> [Goal of the exercise]:
Line by line, retype the material exactly and leave each picture out.

> [Given material]:
____

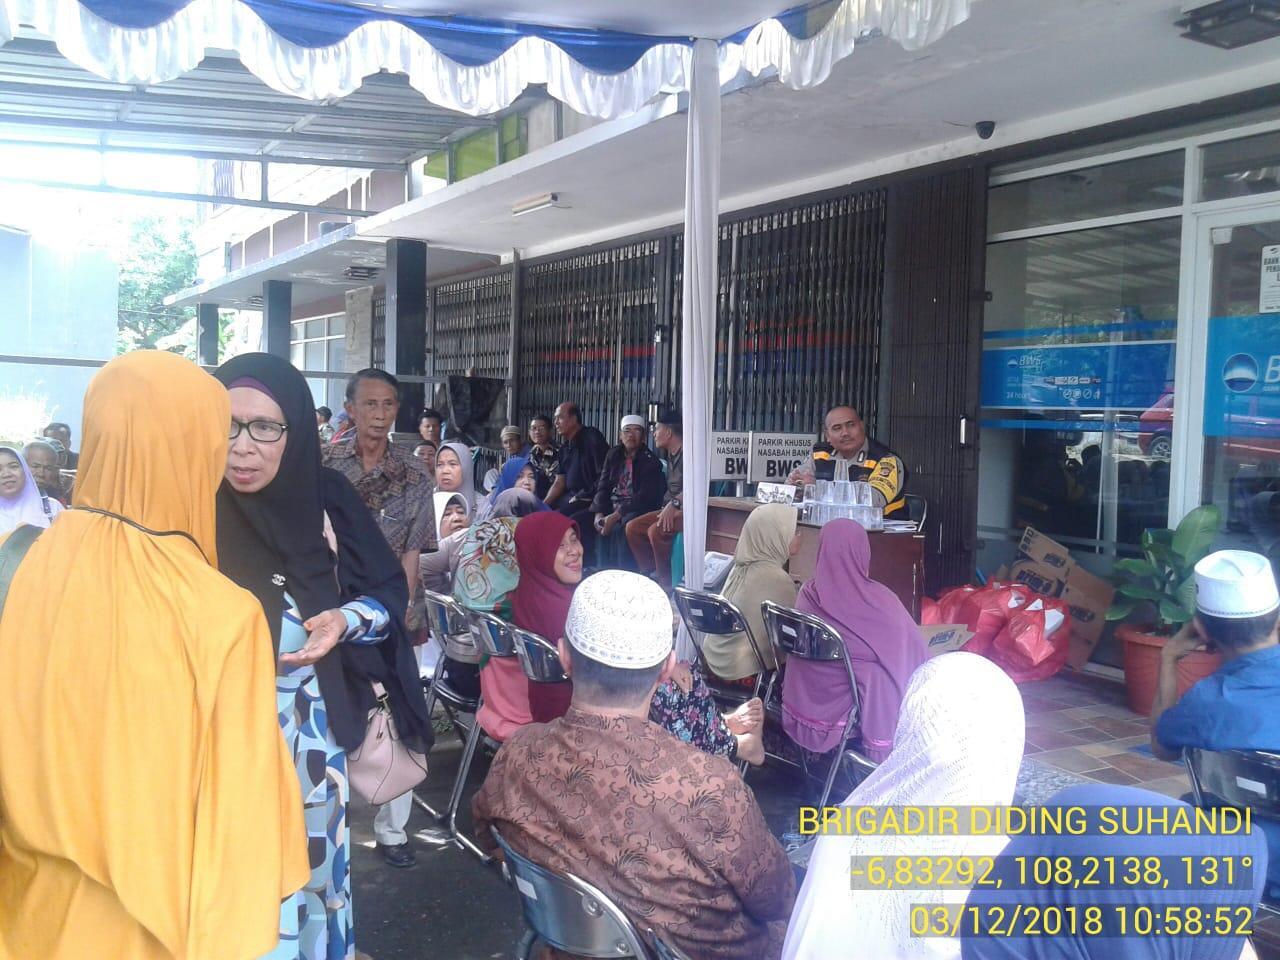 Polisi Jaga Bank BWS Guna Ciptakan Situasi Kamtibmas Yang Kondusif
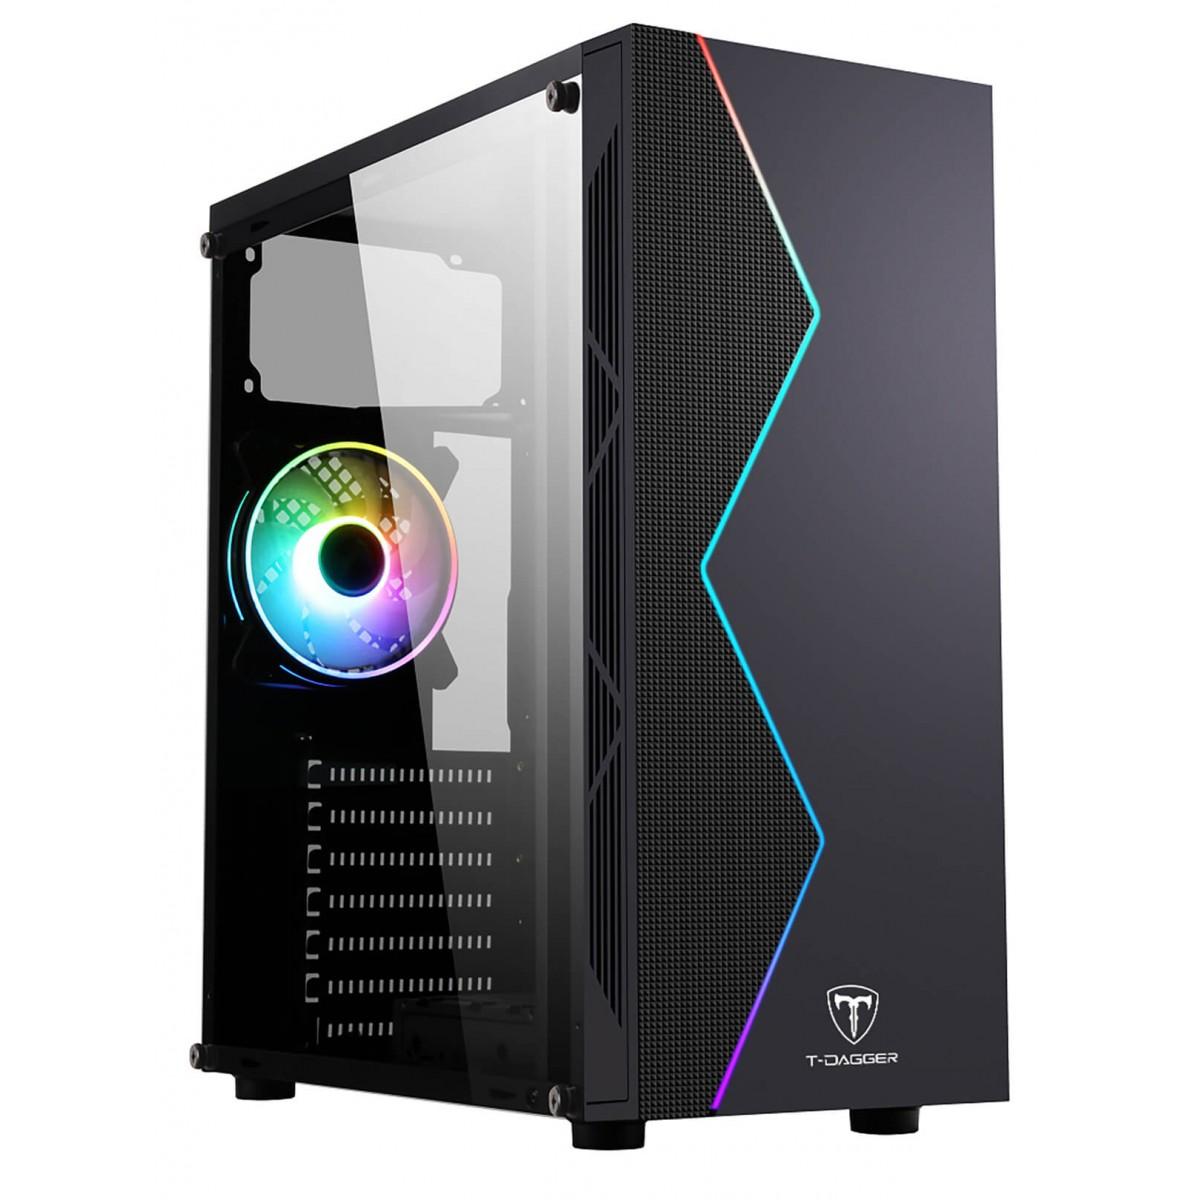 Computador Gamer, Ryzen 5 3500 3.6Ghz , Placa de VIdeo GTX-1650 4GB DDR6, DDR4 8GB, SSD 240GB
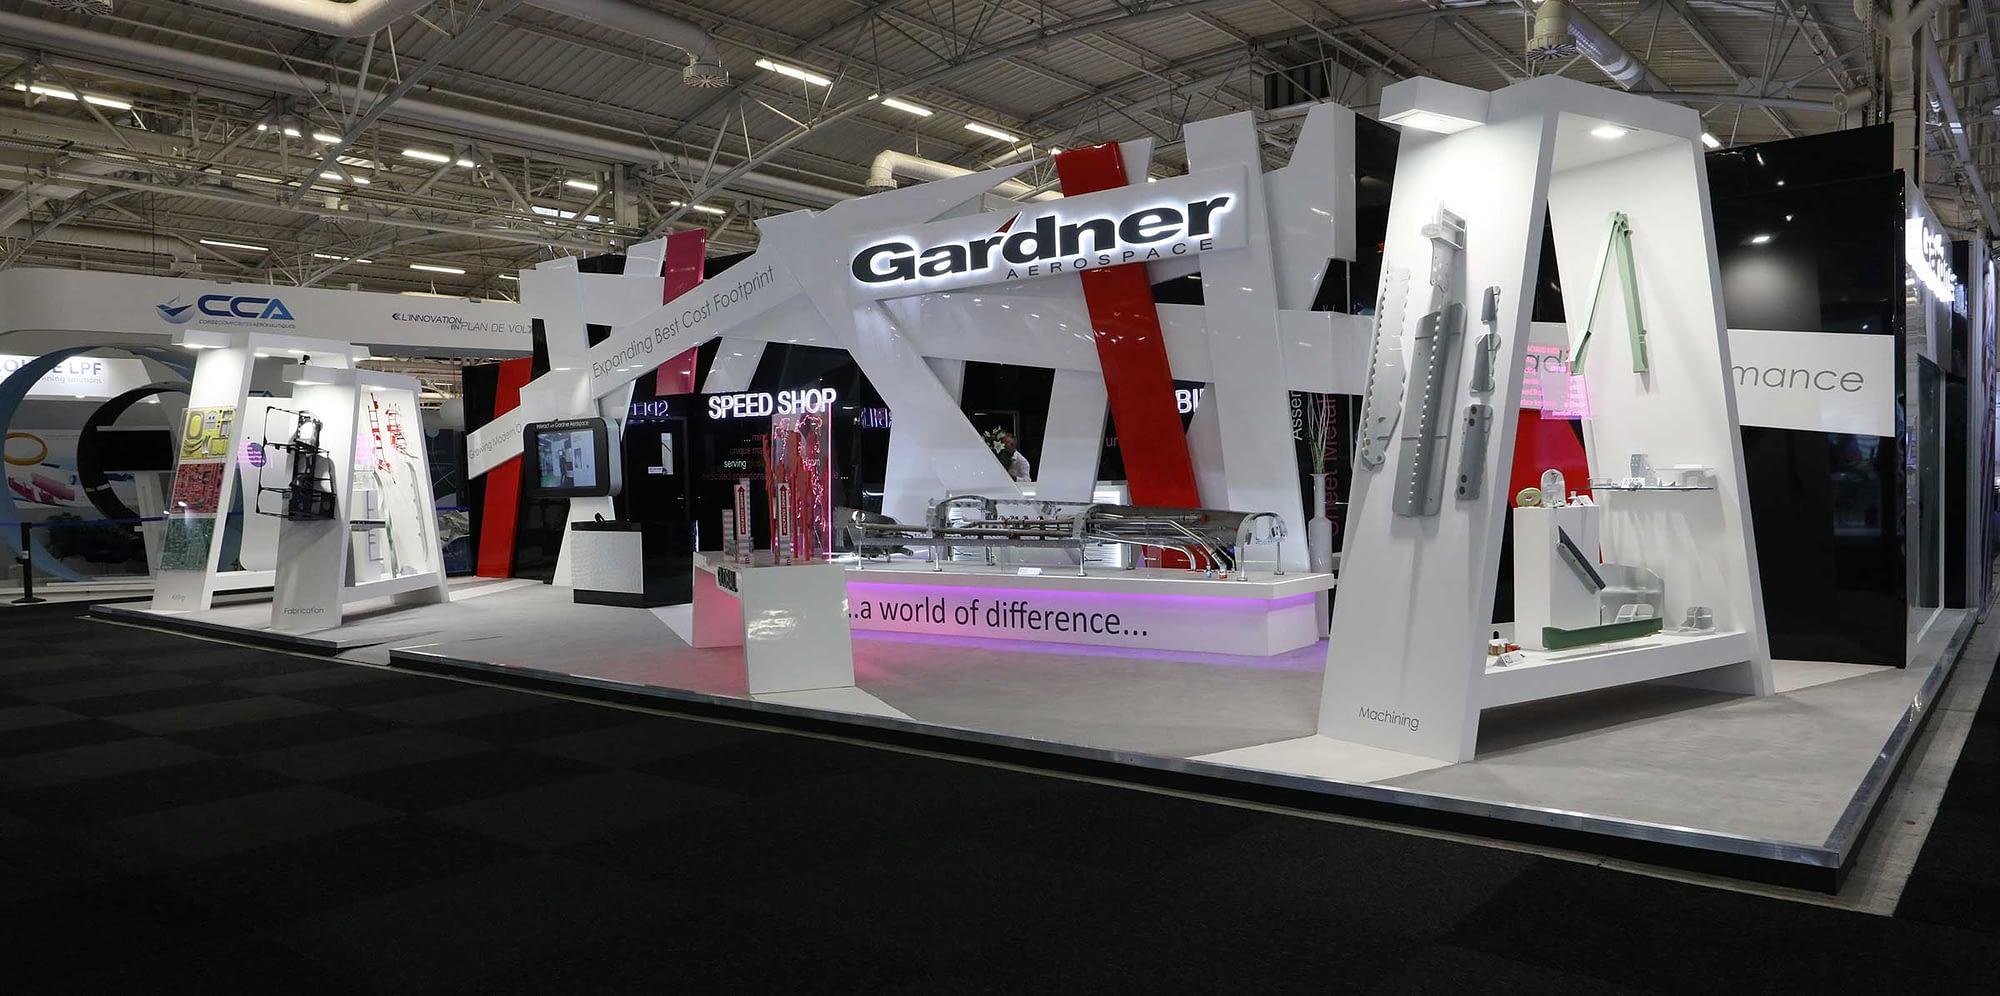 Gardener Aerospace
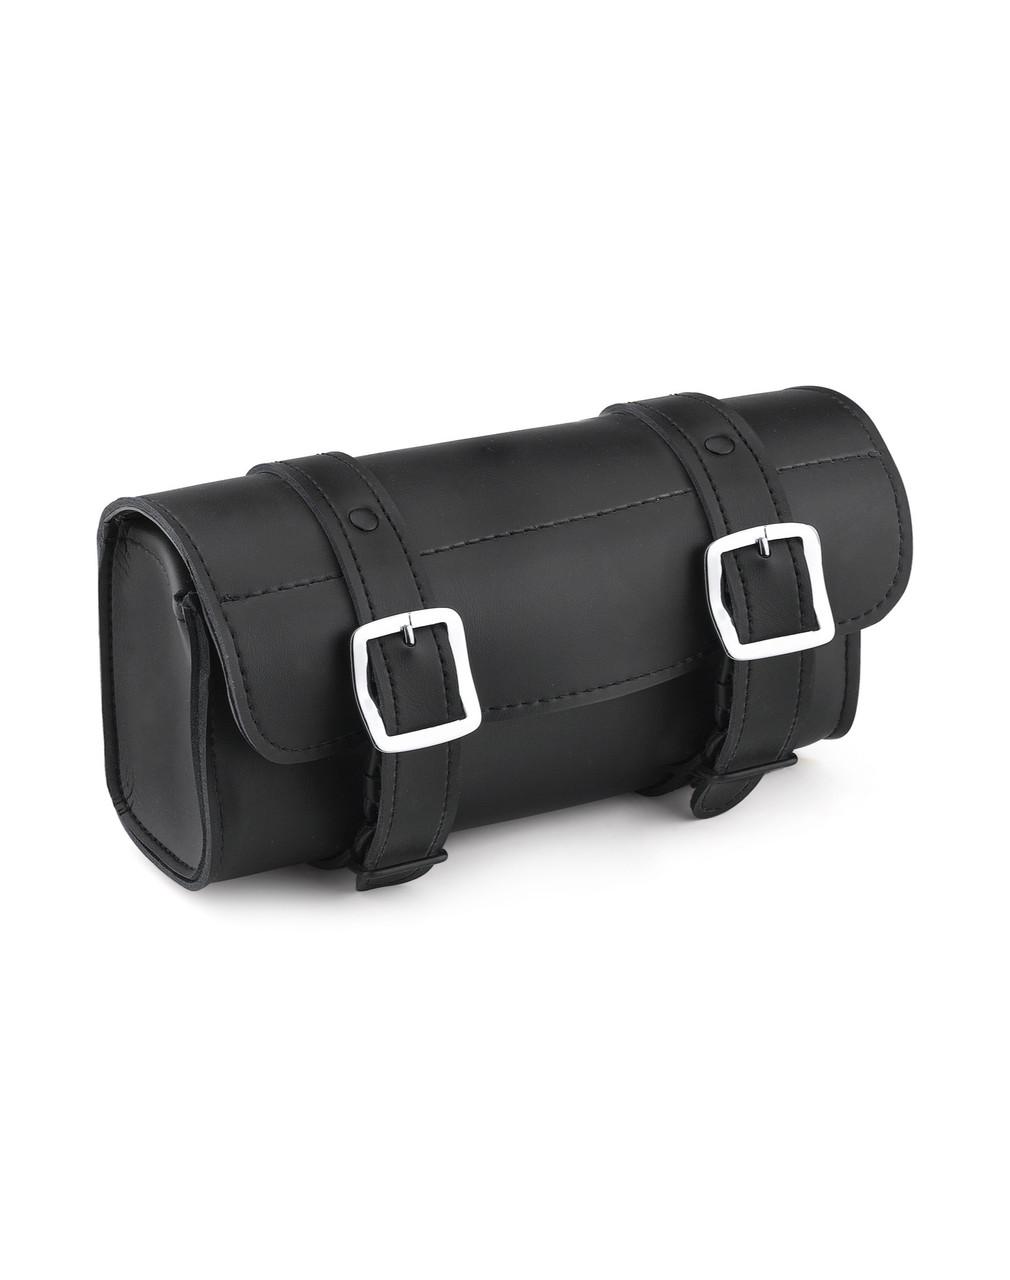 Honda Armor Plain Motorcycle Tool Bag Main Bag View

____

> [Worked solution]:
 Polisi Jaga Bank BWS Guna Ciptakan Situasi Kamtibmas Yang Kondusif
 Computador Gamer, Ryzen 5 3500 3.6Ghz , Placa de VIdeo GTX-1650 4GB DDR6, DDR4 8GB, SSD 240GB
 Gardener Aerospace
 Honda Armor Plain Motorcycle Tool Bag Main Bag View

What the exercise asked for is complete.